ROMA XIV (2019) : Jesus Rolls – Quintana è tornato (Recensione di Catello Masullo)

ROMA XIV (2019) : Jesus Rolls – Quintana è tornato (Recensione di Catello Masullo)

The Jesus Rolls

USA – 2019

Un trio di disadattati si troverà a fare i conti con un parrucchiere armato di pistola. Il loro viaggio si trasformerà presto in una fuga continua – dal folle parrucchiere, dalla legge e dalla società – durante la quale si svilupperà una particolare dinamica, che da amicizia accidentale evolverà in una storia d’amore fuori dagli stereotipi convenzionali…

  • Regia:
  • Durata: 117′
  • Colore: C
  • Genere: COMMEDIA
  • Produzione: SIDNEY KIMMEL, JOHN PENOTTI, ROBERT SALERNO, FERNANDO SULICHIN, PAUL-DOMINIQUE WIN VACHARASINTHU PER SIDNEY KIMMEL ENTERTAINMENT
  • Distribuzione: EUROPICTURES
  • Data uscita 17 Ottobre 2019

Recensione di Catello Masullo : Premetto che sono rimasto un po’ deluso da questo film. Forse perché le (mie) aspettative erano (troppo) alte.

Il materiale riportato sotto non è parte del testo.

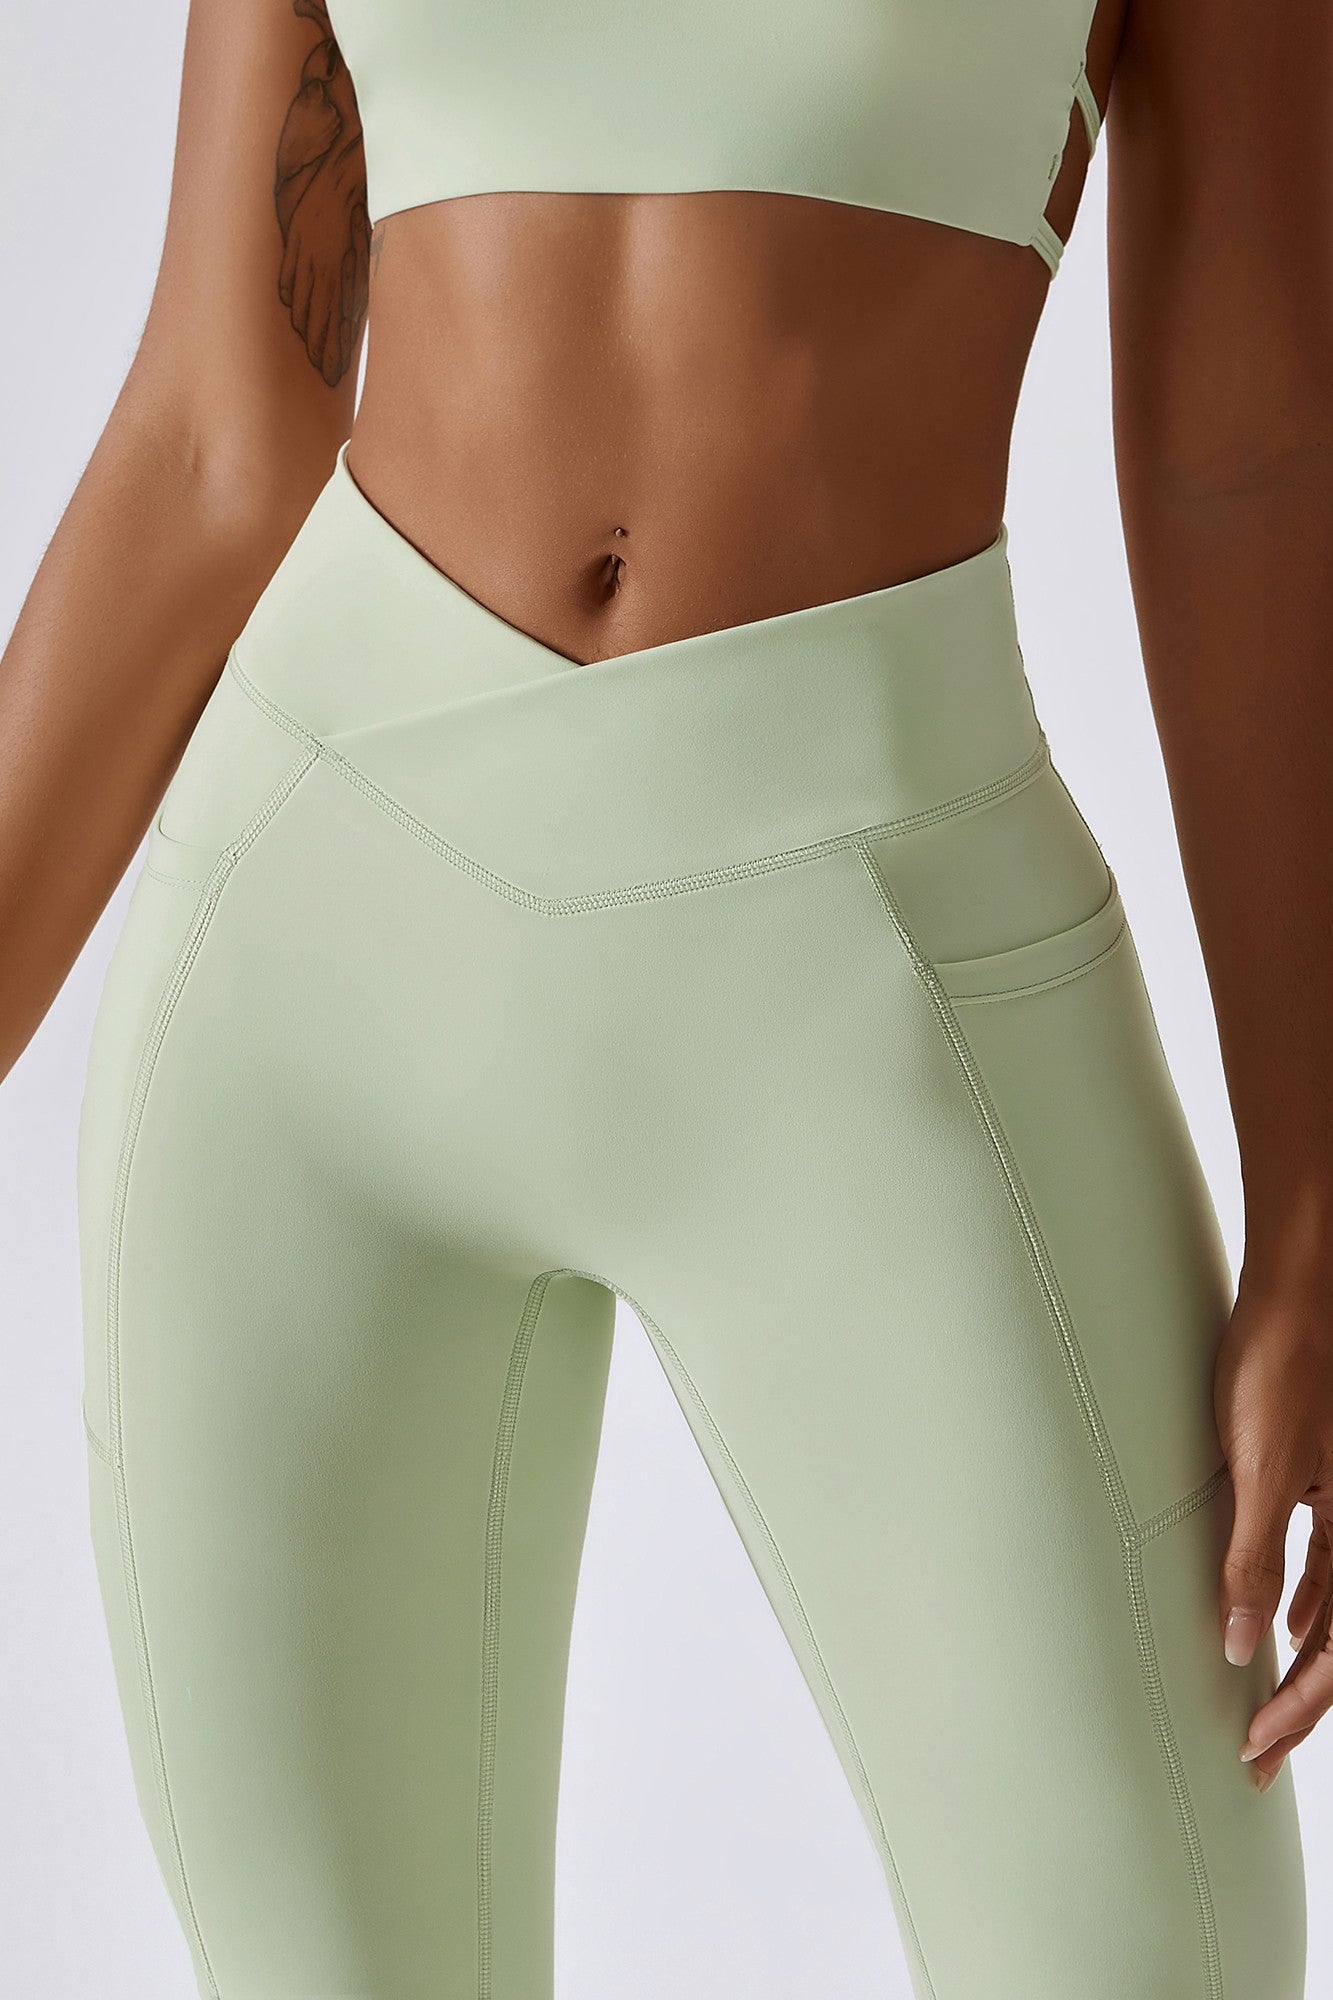  Vertvie Green Leggings with Pockets Crossover Waist Leggings for  Women Butt Booty Lifting V Waist Yoga Pants Tummy Control Gym Running Non  See-Through Legging S : Clothing, Shoes & Jewelry

Jesus Quintana e’ stato un personaggio cult di un film cult, “Il Grande Lebowski”, dei mitici fratelli Coen, del ’98. Promuoverlo a protagonista assoluto di un film 21 anni dopo, di nuovo interpretato da John Turturro e diretto dallo stesso, con un cast stellare, sulla carta era in odore di capolavoro. Ed invece, mi e’ sembrato di vedere “Fratello dove sei?”, sempre dei Coen, del 2000, per la struttura, con tre personaggi che viaggiano in un road movie, di cui uno era proprio Turturro, ma senza il “Coen touch”. Un po’ come mangiare le pietanze partorite dalla fantasia creativa della cucina povera siciliana e campana della pasta con le sarde a mare (cioe’ senza sarde…), o gli spaghetti cu ‘e vongole fujute ( spaghetti con le vongole fuggite, cioè senza vongole…). In pratica , per continuare nella metafora culinaria, un piatto che ha il sentore di quello vero, ma gli manca l’essenziale dell’originale. Puoi usare un po’ d’aglio, il prezzemolo tritato, l’olio d’oliva, un po’ di peperoncino, e, perfino, come fanno i più fantasiosi, prendere dei sassi dal fondo del mare e metterli nell’acqua di cottura degli spaghetti, cui restituiscono l’essenza del sapore di mare di cui si sono intrisi nei secoli. Ma, alla fine, mancano sempre le vongole. Tornando a “Jesus Rolls”, il film ha attori sublimi, che sono ben diretti. E’ un film leggero, divertente. Non del tutto banale, ne’ particolarmente originale, ma e’ sempre un bel vedere.

 

Curiosità, ho chiesto al regista : “una domanda per John , oppure, visto che e’ tornato in Italia, dovrei dire per Giua’ (il riferimento e’ a Giua’, che e’ Giovanni in lingua napoletana, così come si firmava Turturro nei titoli di cosa nel suo strepitoso omaggio della canzone napoletana, “Passione”, del 2010, e così come mi sono a lui rivolto nella conferenza stampa di presentazione di quel film, ndr.). Mi piacerebbe potessi descrivere meglio il ruolo interpretato da Susan Sarandon. Hai già detto che le tre protagoniste sono pezzi di un unico personaggio femminile. Ma, in particolare, quale e’ il ruolo giocato da questo personaggio? Era già nel libro originario? . Hai scelto Susan Sarandon perché ha firmato un patto con il diavolo e da “Prima Pagina” non e’ più invecchiata ed e’ sempre sublime?”. Turturro ha cosi’ replicato : “il personaggio di Susan era nel libro e l’ho messo nel film. Lei non regge la nuova libertà. E’ intrappolata  alla ricerca della libertà”. Ha poi ribadito anche Cannavale : “il personaggio ha che fare con la libertà. Va alla ricerca della libertà e’in trappola come tutti noi vive la metafora. Ha perso la libertà. La cerca. Anche nella scena di sesso a tre, lei ritrova la sua libertà sessuale. Ma anche nella scena del ristorante”.